_Material provided_.

####

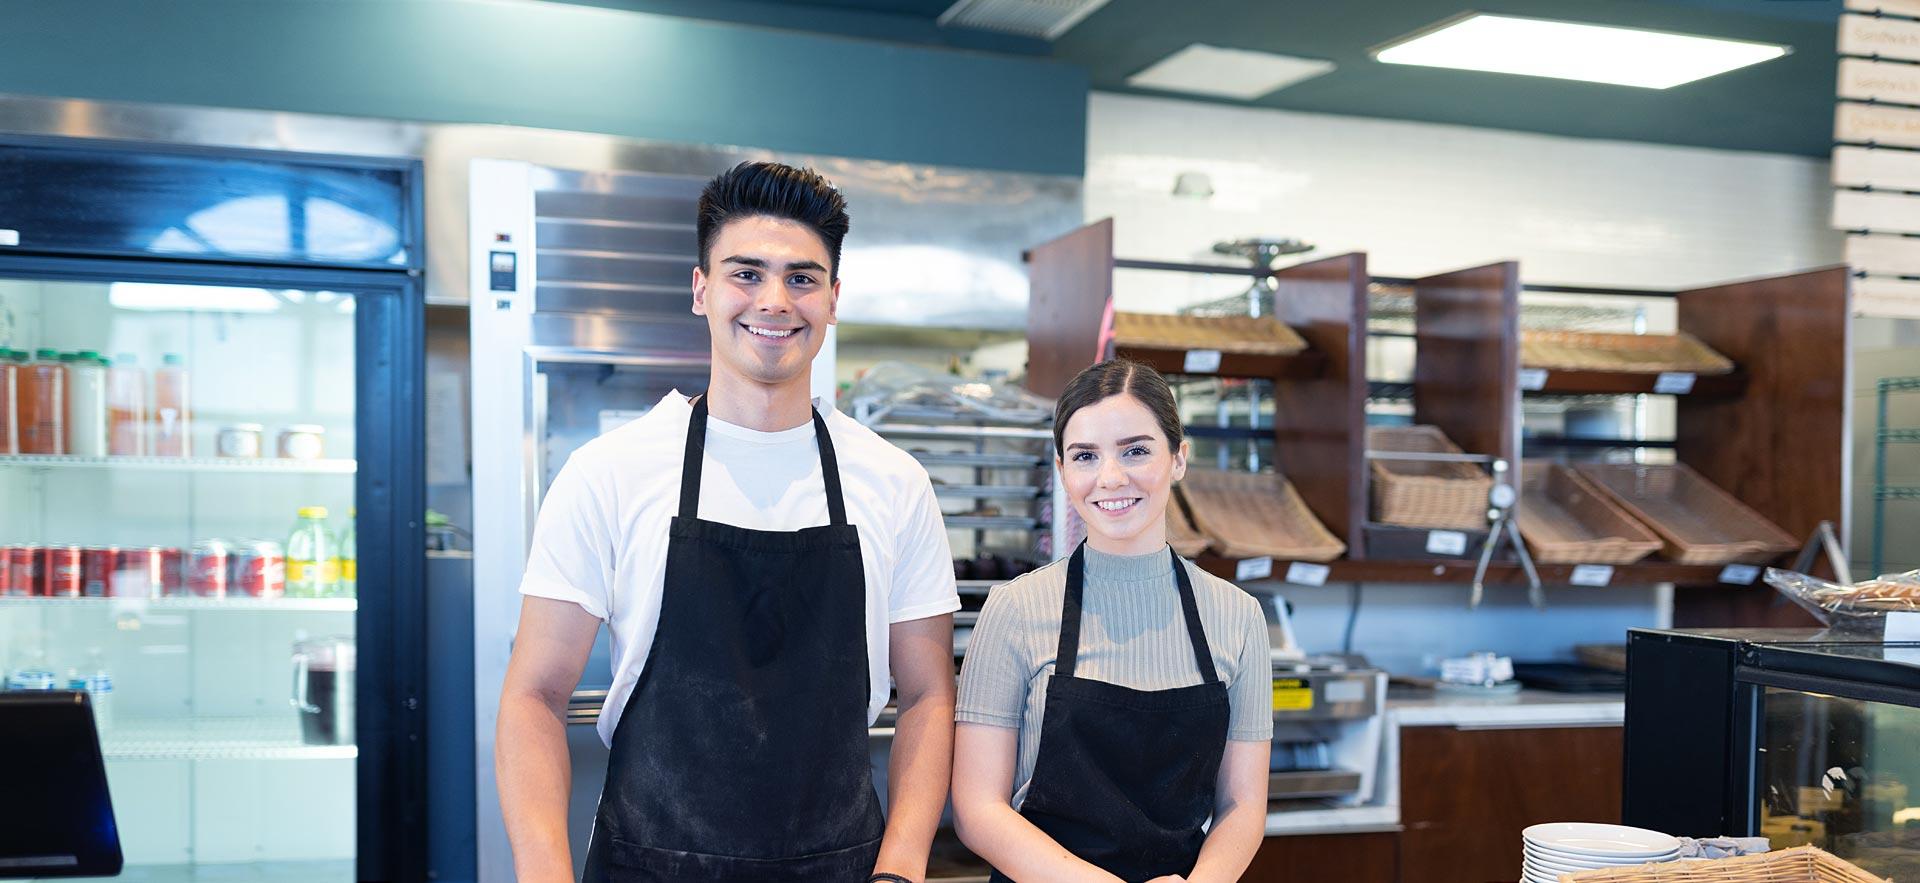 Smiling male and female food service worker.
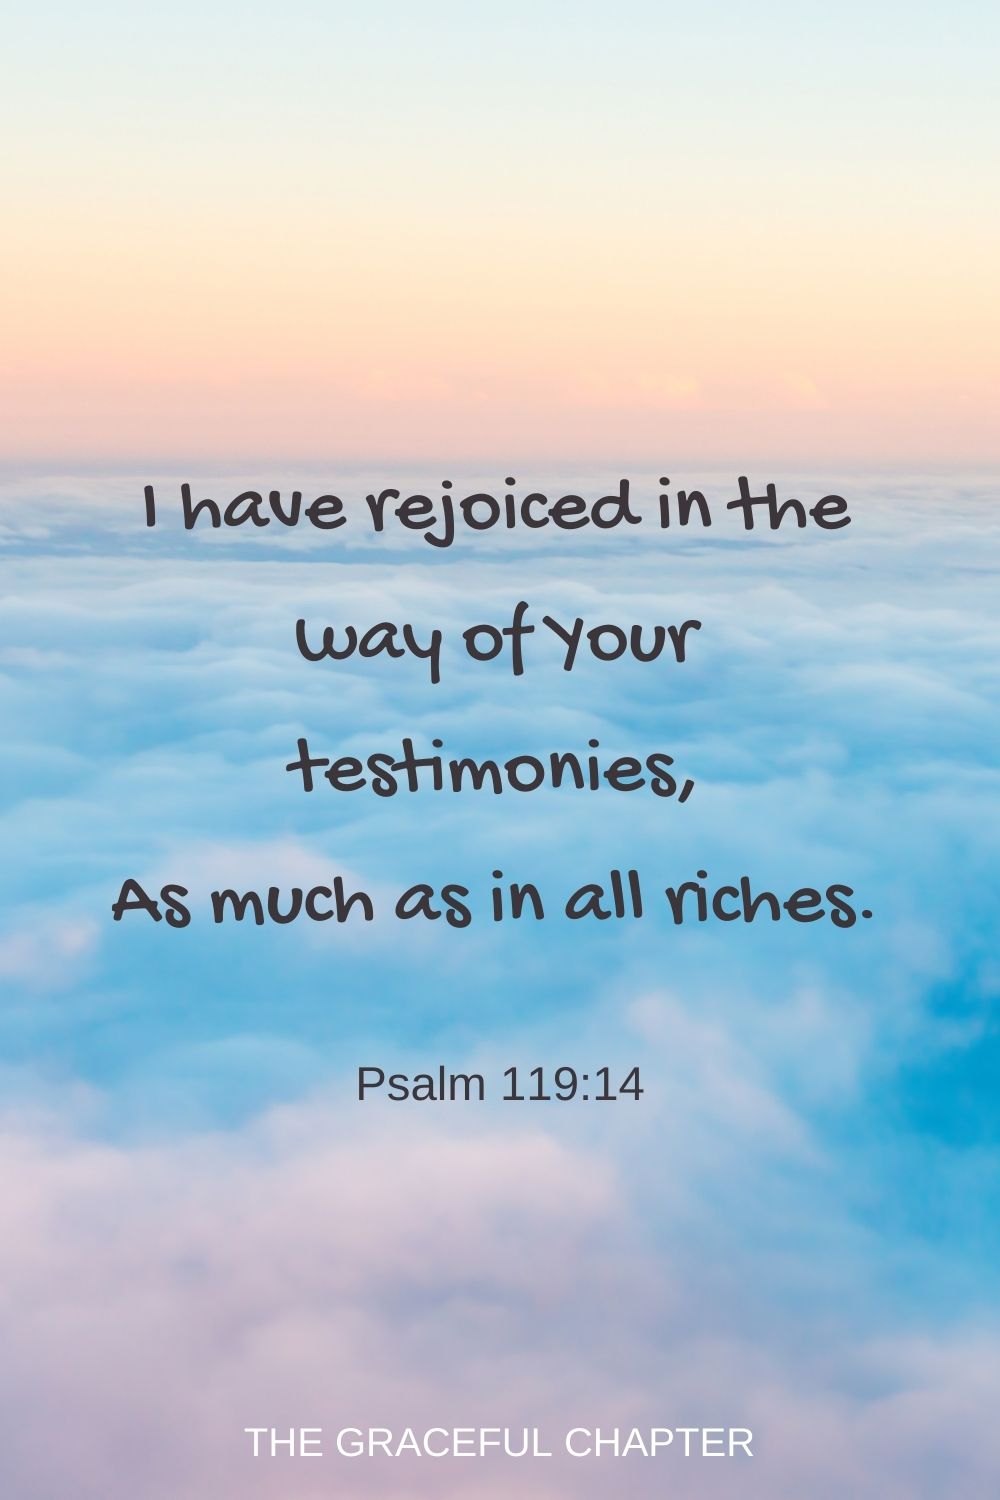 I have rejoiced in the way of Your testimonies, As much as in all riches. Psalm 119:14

####

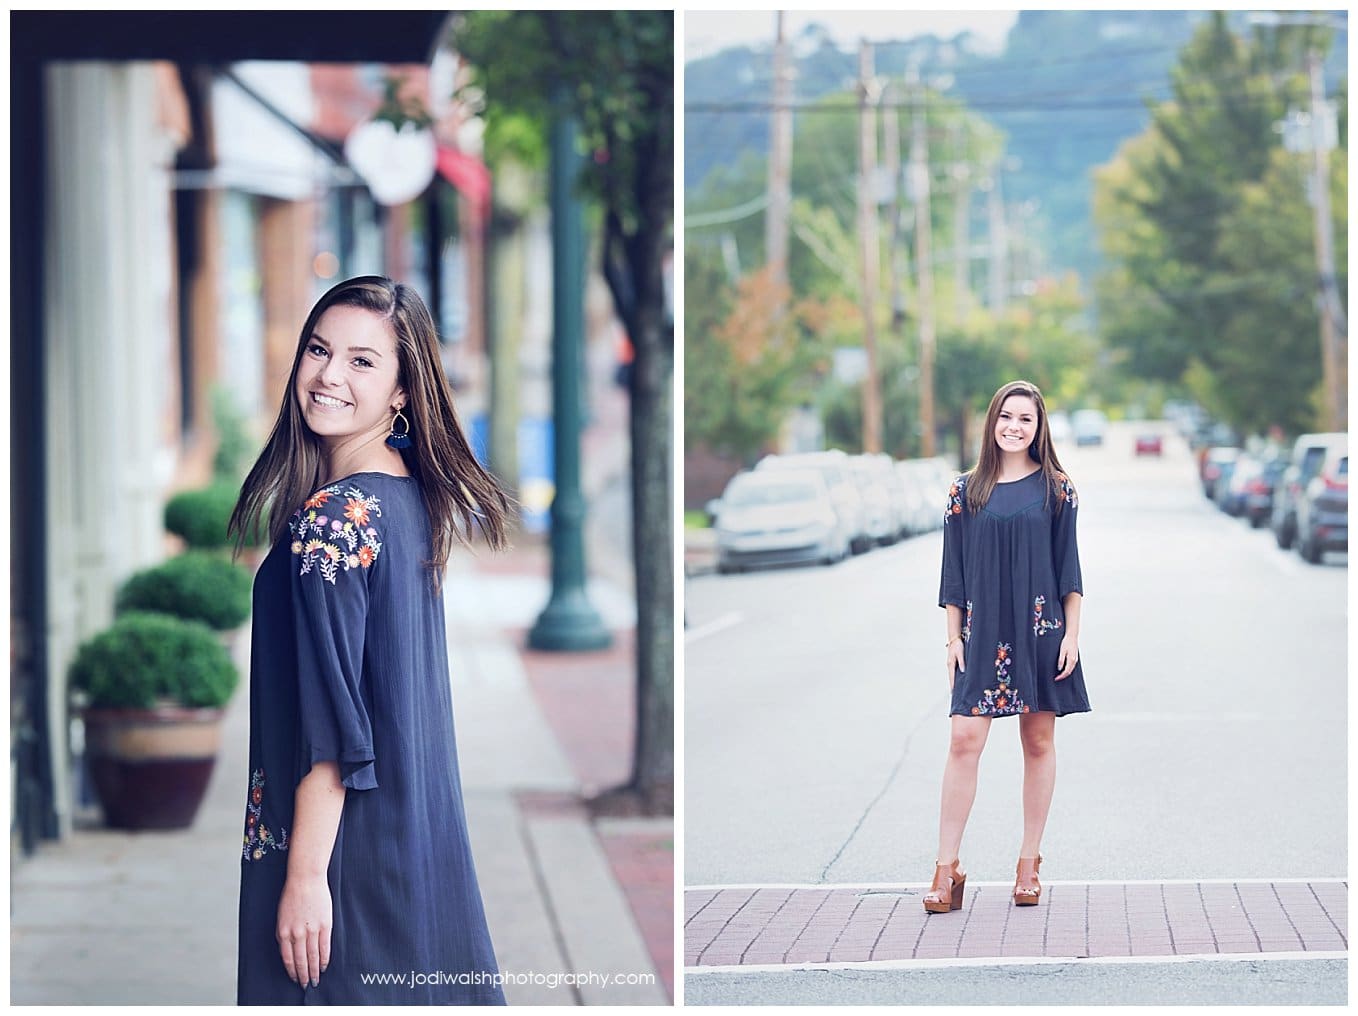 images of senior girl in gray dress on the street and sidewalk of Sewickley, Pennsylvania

####

Each line above starting at the one holding "Smiling male and female food service worker." and ending at the one holding "I have rejoiced" should be set down exactly as it stands, both ends included, with no pictures.

_Result of the task_.
 Smiling male and female food service worker.
 I have rejoiced in the way of Your testimonies, As much as in all riches. Psalm 119:14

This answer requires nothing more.